Can one even imagine how Presidents George H. W. Bush, Ronald Reagan and Dwight D. Eisenhower, Jack Kennedy and U.S. Attorney General John Kennedy would react to these dangerously obtuse actions. We already know how President George W. Bush feels.
Our government is being run by con artists, criminals, sexual predators, conspiracy theorists, McCarthy-like targeted vendetta seekers, and spies, billionaires, and millionaire senators living the lavish lifestyle of an elite executive.
Neither Ukraine nor Gaza deserves such callous treatment and yet here we are. Tens of thousands of innocent civilians dead.

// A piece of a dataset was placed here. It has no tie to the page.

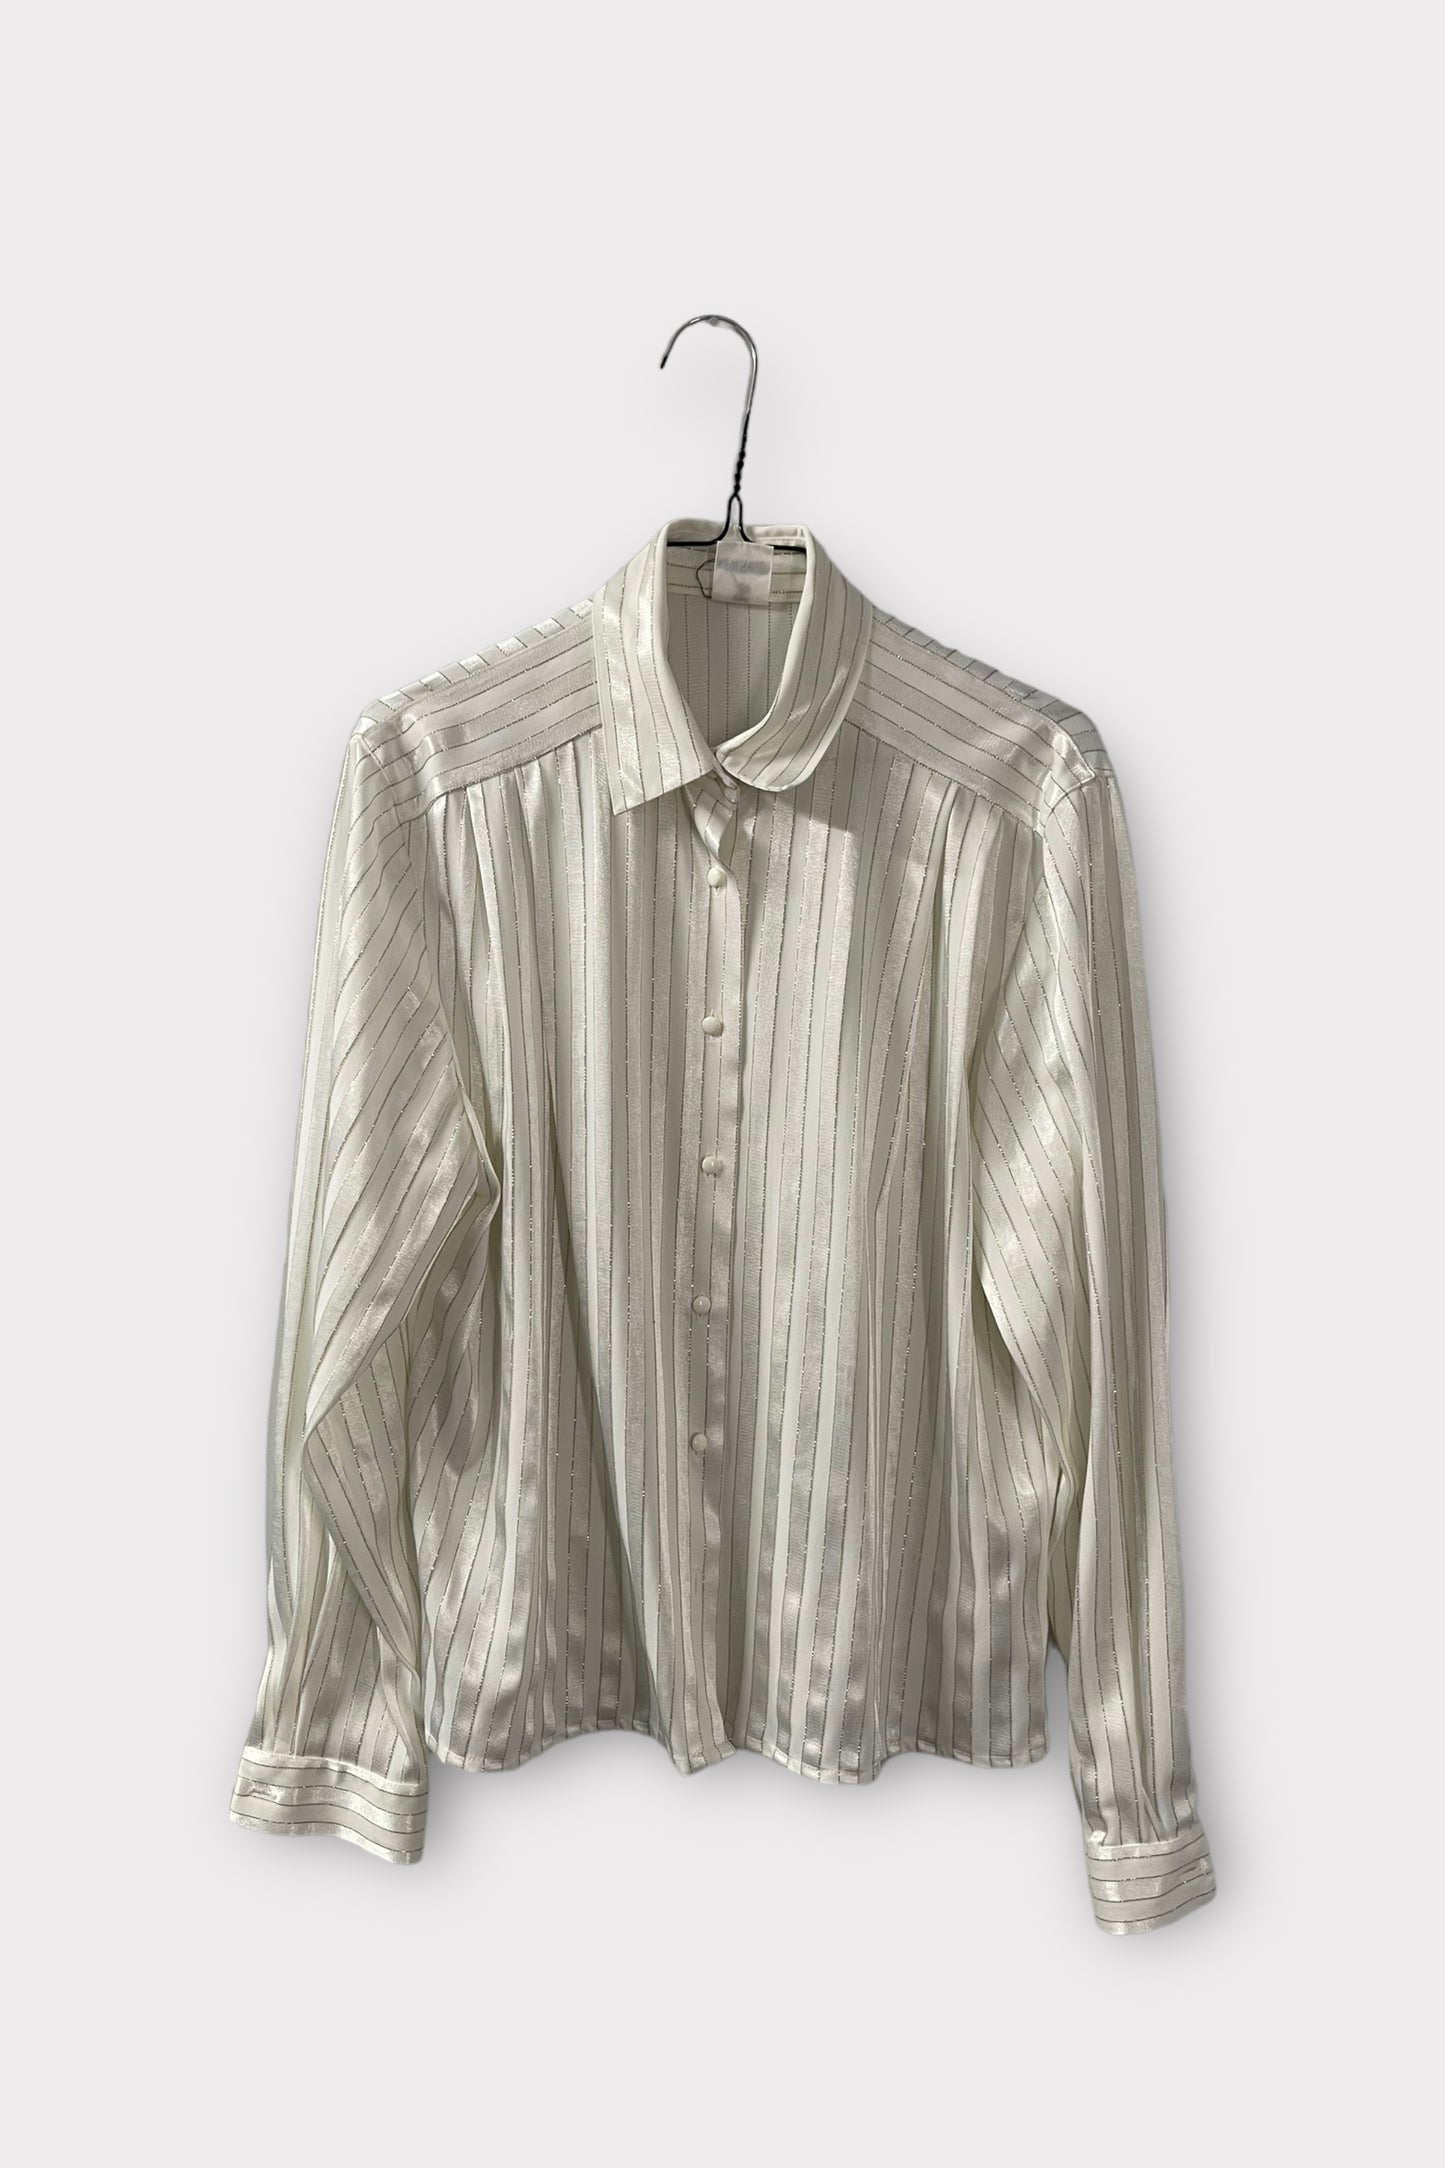 linda gold stripe blouse - M/L

Ukraine fighting for its own sovereignty and Gaza conflict resulting in completely destroyed infrastructure in the hands of Israel all while Hamas was responsible for launching a murderous attack upon Israel while Israel hostages are still being held.
Democracy is dying whether it’s in darkness or visible light and I am ashamed of our nation’s current self inflicted vote towards cowardice and ‘alternative truths’, made up anti vaccine hysteria, and alternate realities. We need to demand earnest leadership that is supported amongst our NATO allies. Are these ideals simply dashed because our elected leaders are afraid of being brave and doing the right thing?